Image Credit: Shutterstock
SUPERFORTUNE AI said it is investigating a security incident involving its GUA token after funds meant for an airdrop-related transfer were sent to a different address during a multisignature transaction on May 27.
The project said the destination address may have been altered during execution. It also said the incident triggered severe price volatility in GUA.
May 27 Multisig Transfer Sent GUA Elsewhere
SUPERFORTUNE said the transfer was supposed to send additional unlocked tokens to an airdrop claim contract. Instead, the funds were routed to another address believed to be controlled by an attacker.
An early review pointed to possible address manipulation in the multisig flow rather than a confirmed exploit in the GUA token contract itself. That distinction matters because the project has not yet said the token contract was compromised.
Address Poisoning Appears Less Likely
SUPERFORTUNE said the suspicious destination address had no prior interaction with SUPERFORTUNE-related wallets. That made a standard address-poisoning explanation less likely, according to the project’s early review.
The team also said it already uses multiple address-verification checks in its multisig process. Those controls did not stop the wrong transfer from going through, leaving open questions about whether the problem came from compromised tooling, operational error or a deeper attack path inside the multisig workflow.
GUA Falls After Reported 15M-Token Dump
The market reaction was sharp. GUA fell more than 60% on the day, with market trackers describing the selloff as one of the token’s steepest since launch.
Some market reports said 15 million GUA were dumped over nine hours and linked the move to a price drop of about 75%. SUPERFORTUNE has not yet confirmed the full amount involved or whether any of the diverted funds can still be recovered.
Multisig Cause Remains Unresolved
For now, the core issue is still under investigation.
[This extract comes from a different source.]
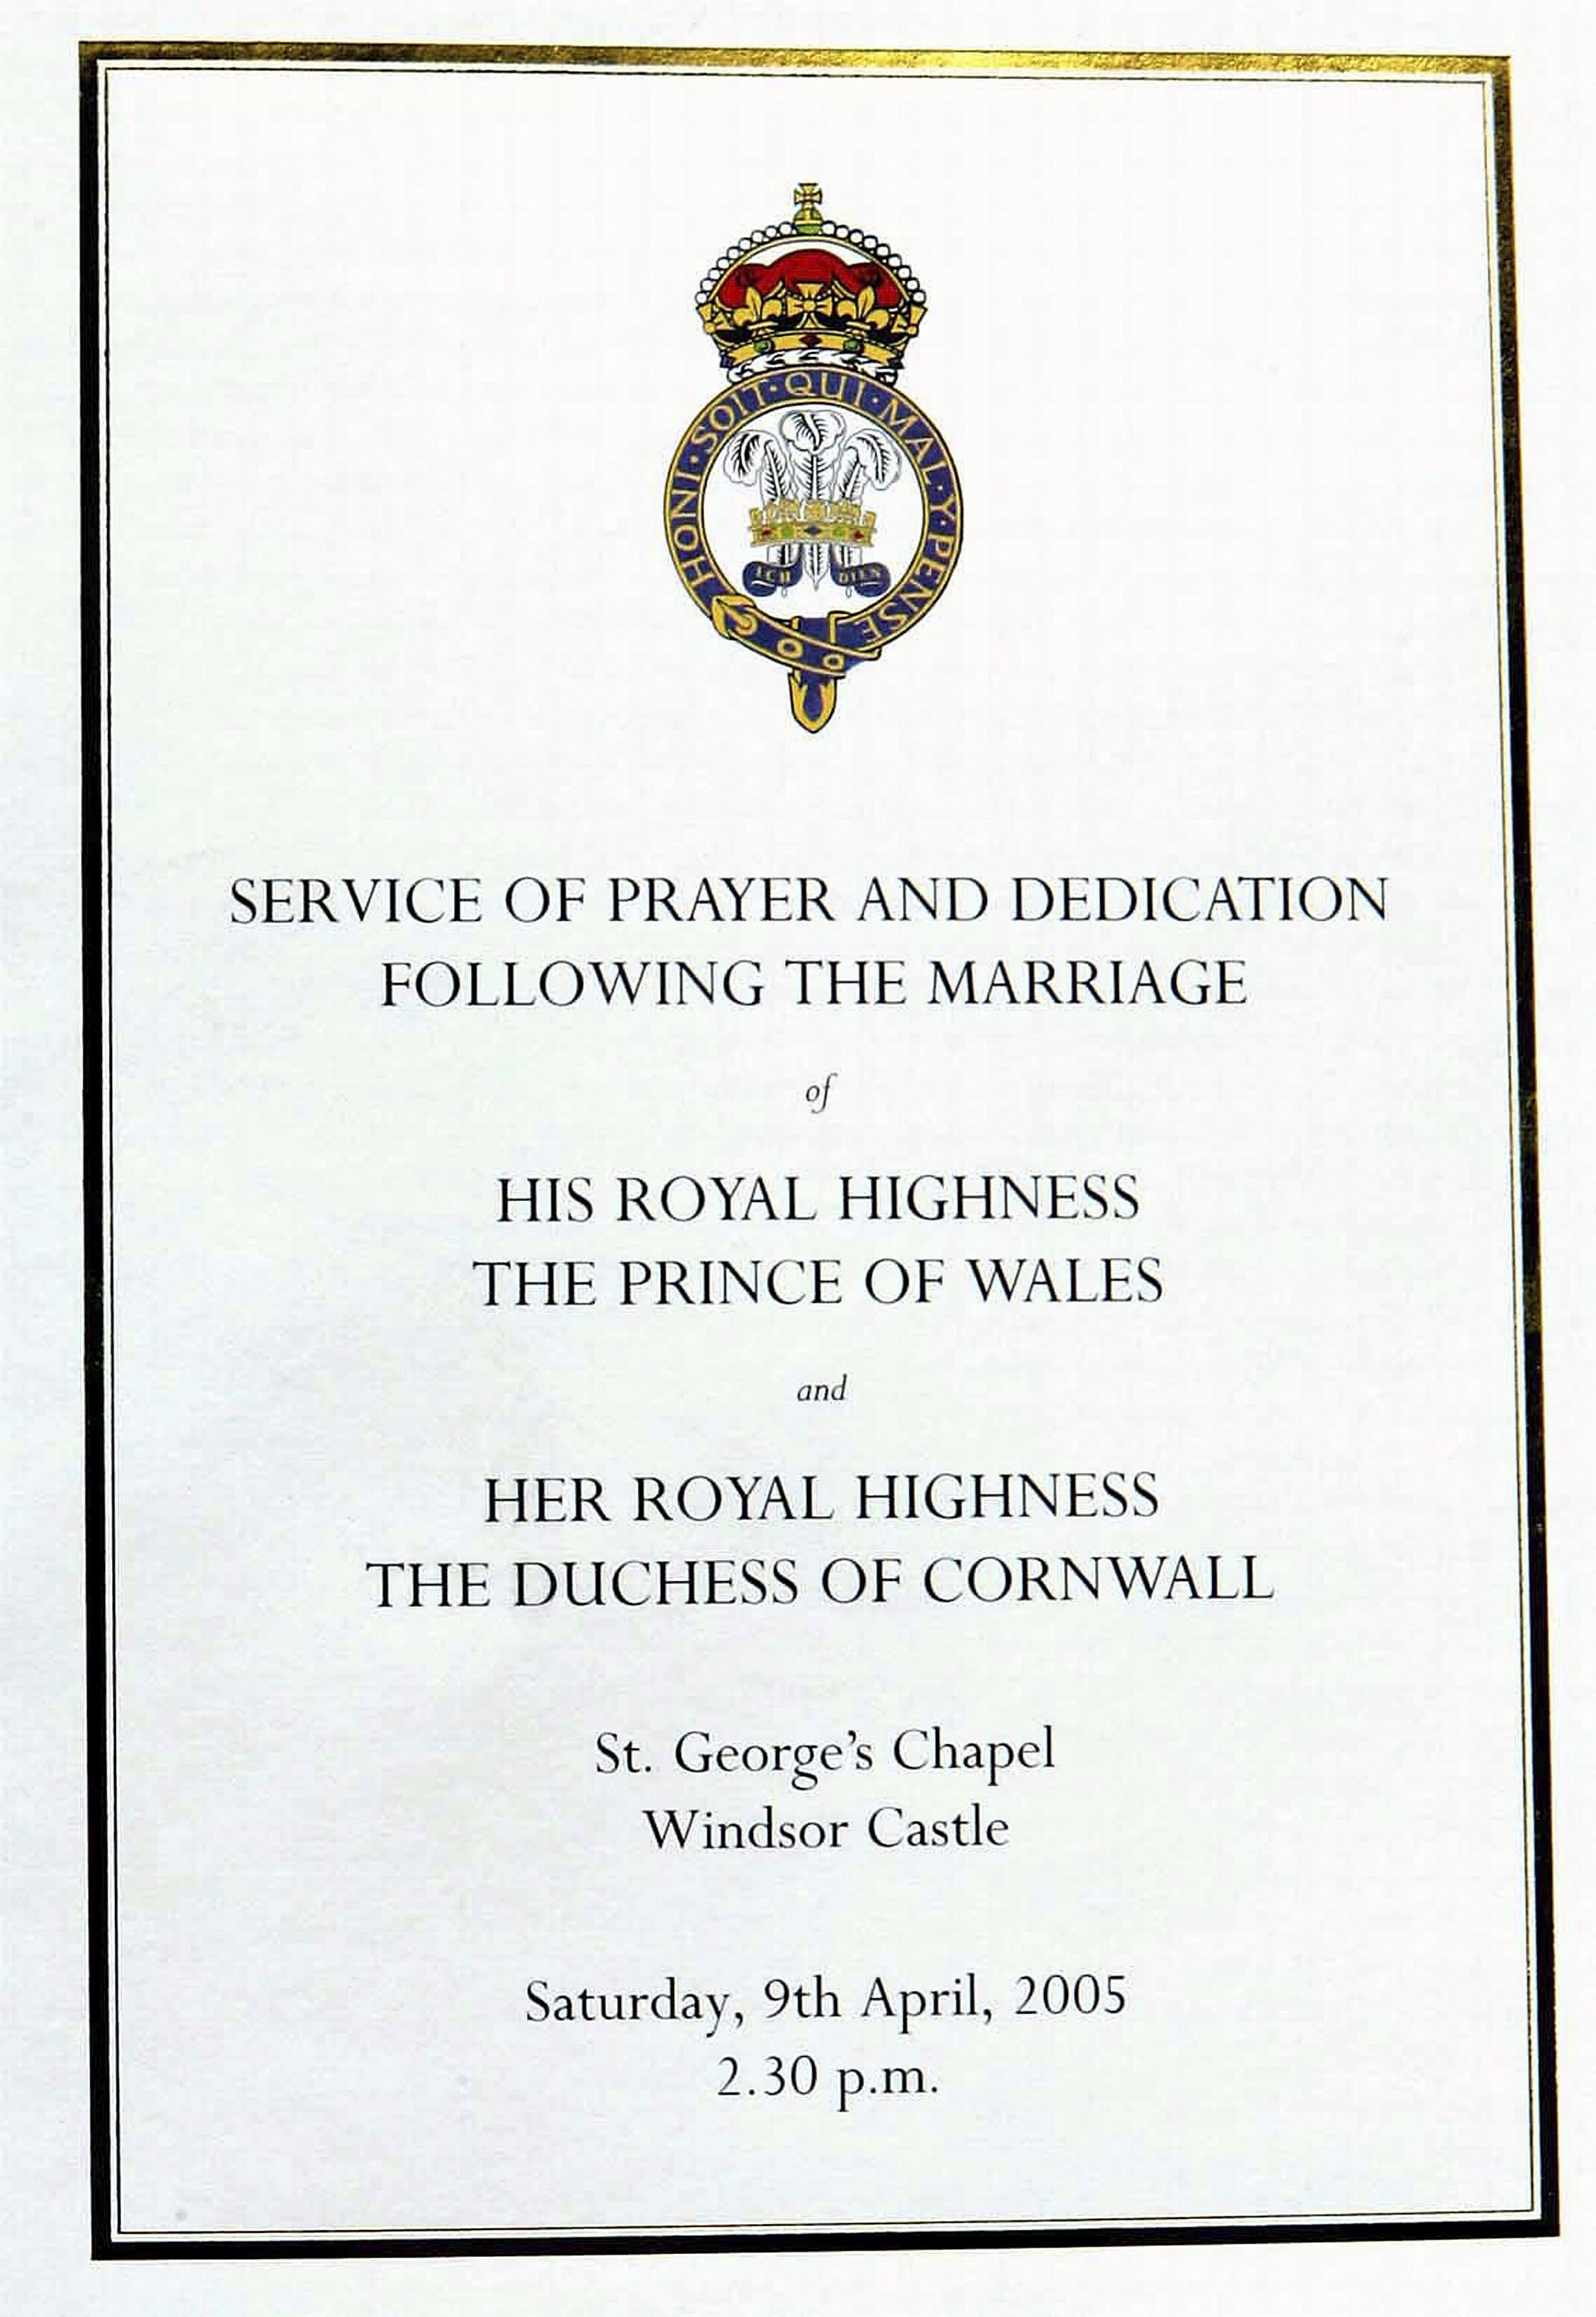 Das offizielle Programm für den Gebets- und Widmungs-Gottesdienst für Prinz Charles und Camillas Hochzeitssegen auf Schloss Windsor am 9. April 2005 in Berkshire, England | Quelle: Getty Images
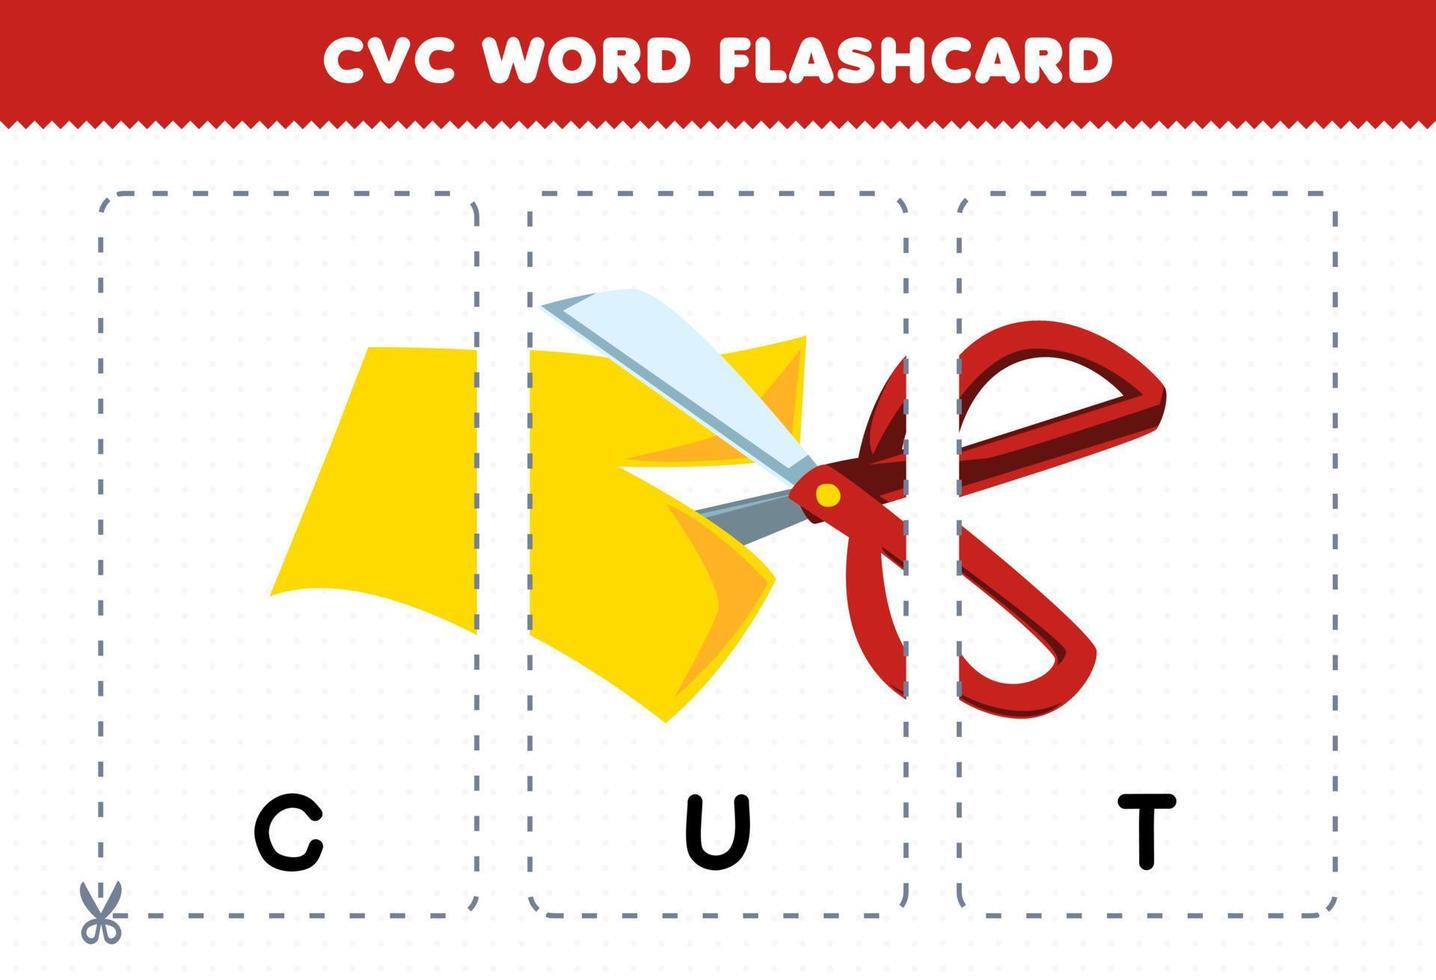 jogo de educação para crianças aprendendo palavra consoante vogal consoante com papel de corte bonito dos desenhos animados com flashcard imprimível de ilustração de tesoura vetor

SUPERFORTUNE has not confirmed whether the transfer was caused by address tampering, compromised tools, signer error or another weakness in the multisig process.
Until the team publishes a fuller postmortem, the incident remains an active investigation rather than a settled exploit narrative.
The immediate risk for GUA holders is uncertainty. The project says it is investigating the wrong-address transfer, while the market is still reacting to the possibility that a multisig workflow failure allowed tokens intended for an airdrop contract to be redirected elsewhere.